Your copy of the listing must be exact and must hold no images.

### DATA SECTION
Start of Block
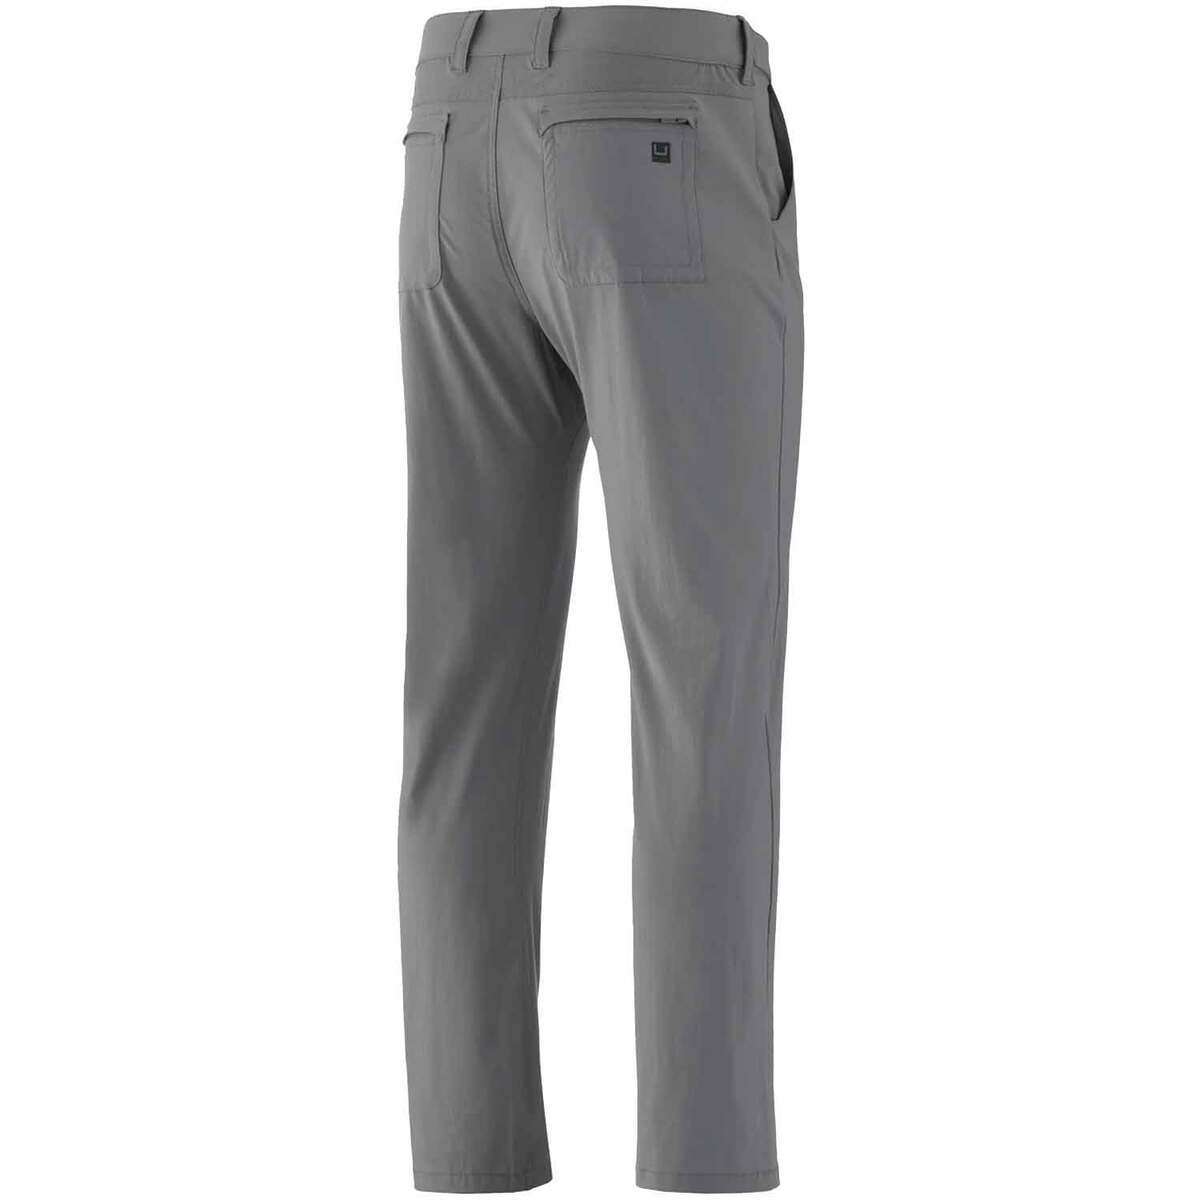 Huk Men's Next Level Fishing Pants - Overcast Grey - XL - Overcast Grey ...
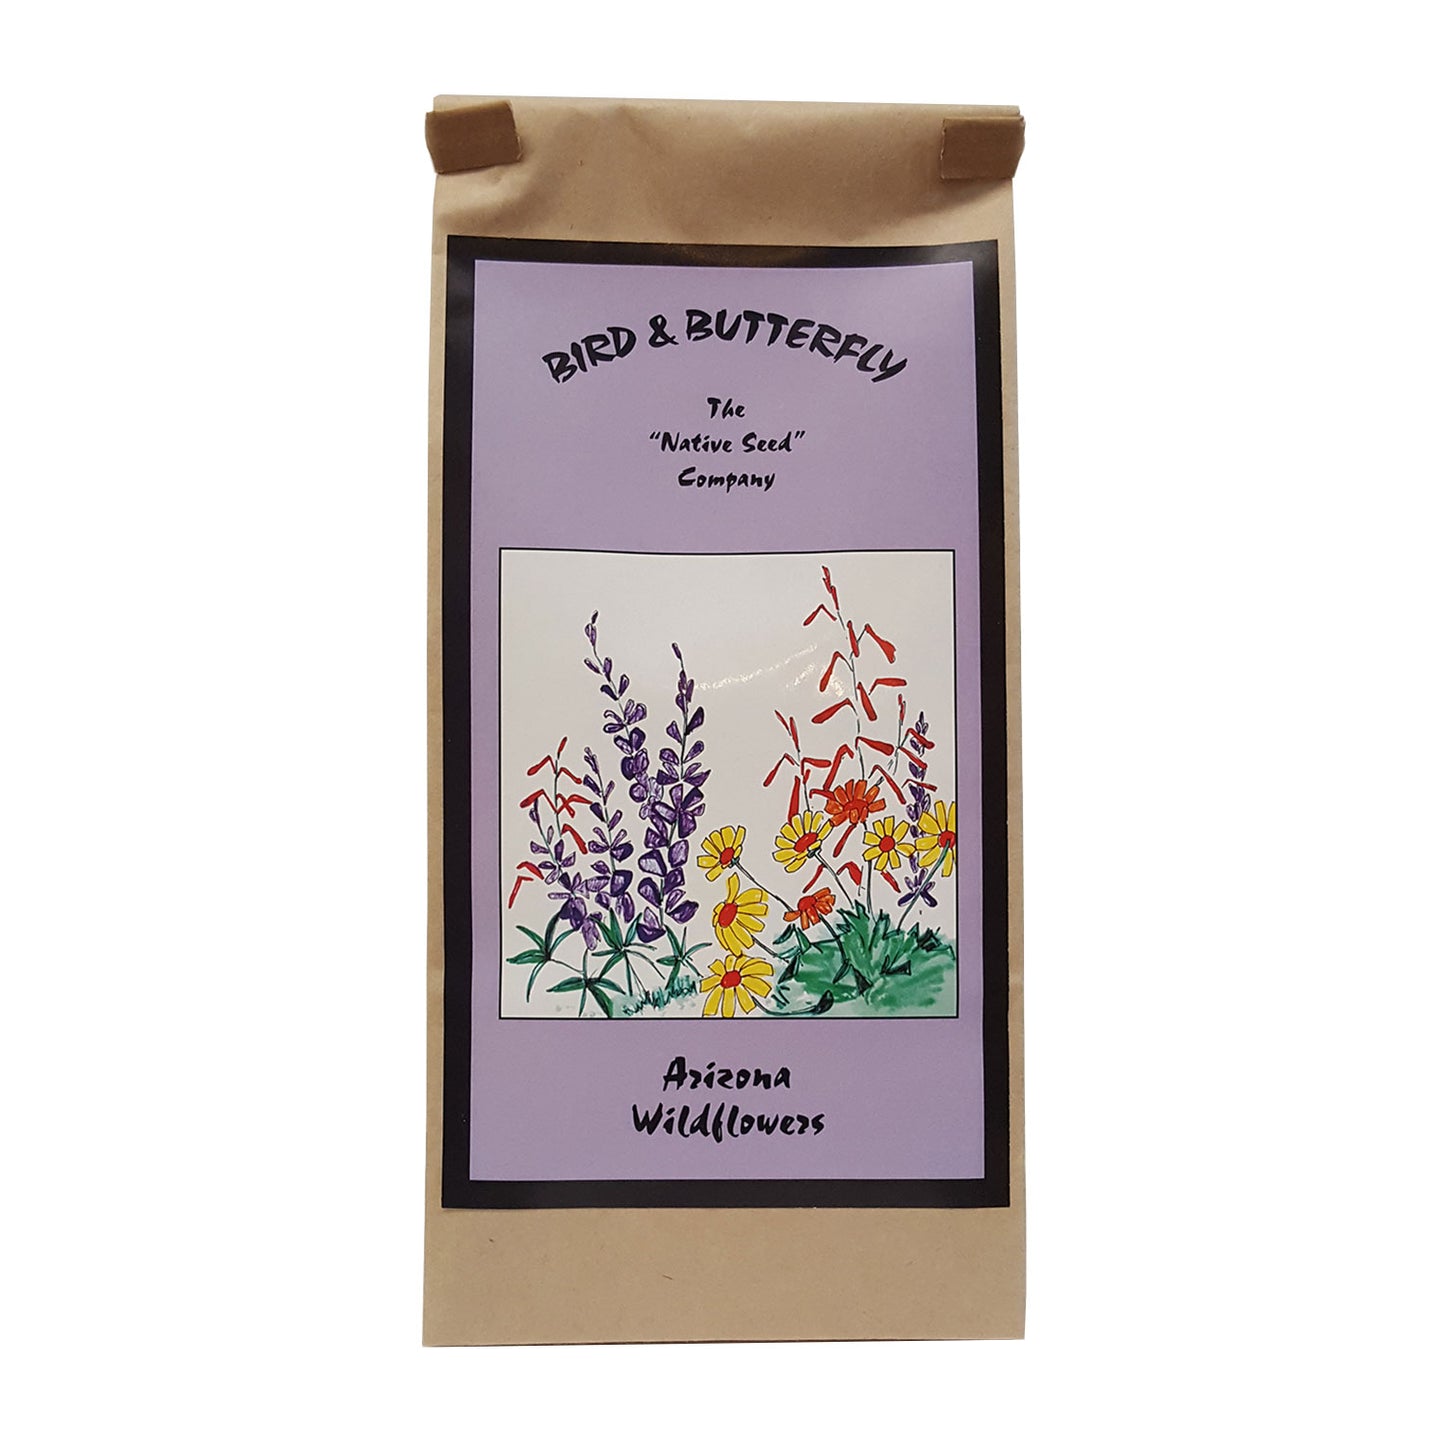 wildflower seeds for birds and butterflies
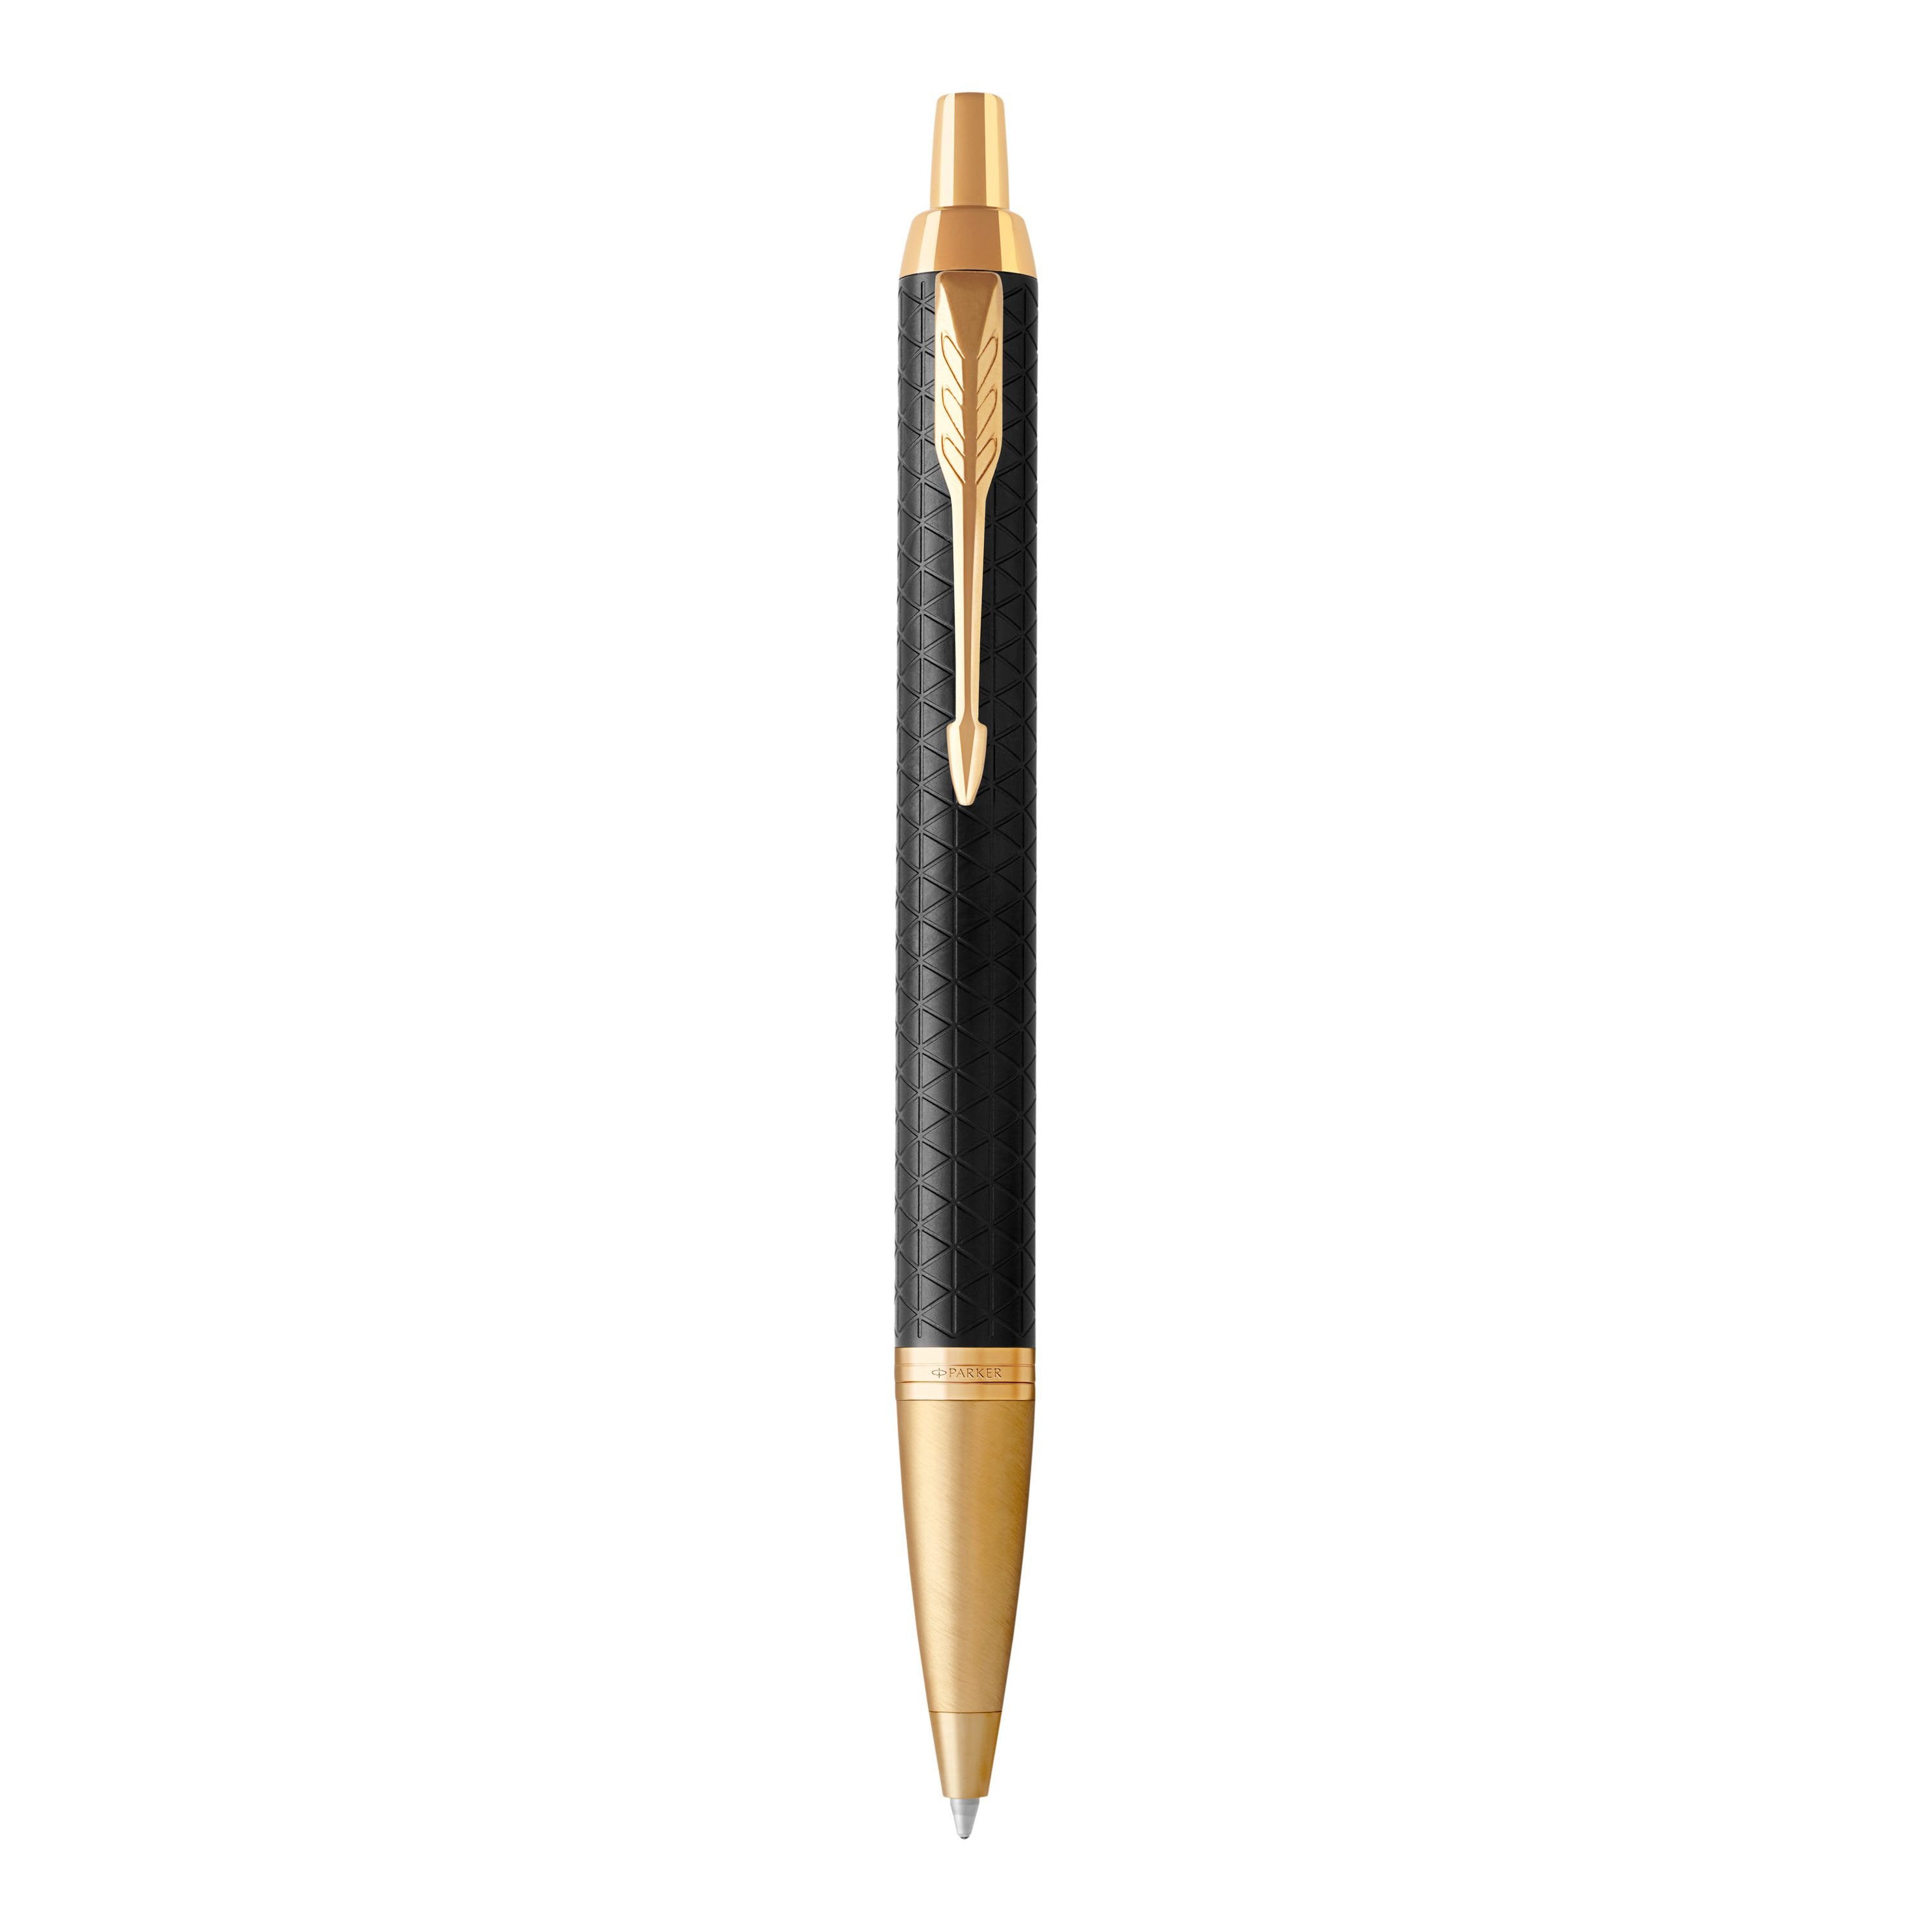 Parker IM Premium Ballpoint Pen Black/Gold
End of Block
### EXERCISE RESPONSE
 Huk Men's Next Level Fishing Pants - Overcast Grey - XL - Overcast Grey ...
 wildflower seeds for birds and butterflies
 Parker IM Premium Ballpoint Pen Black/Gold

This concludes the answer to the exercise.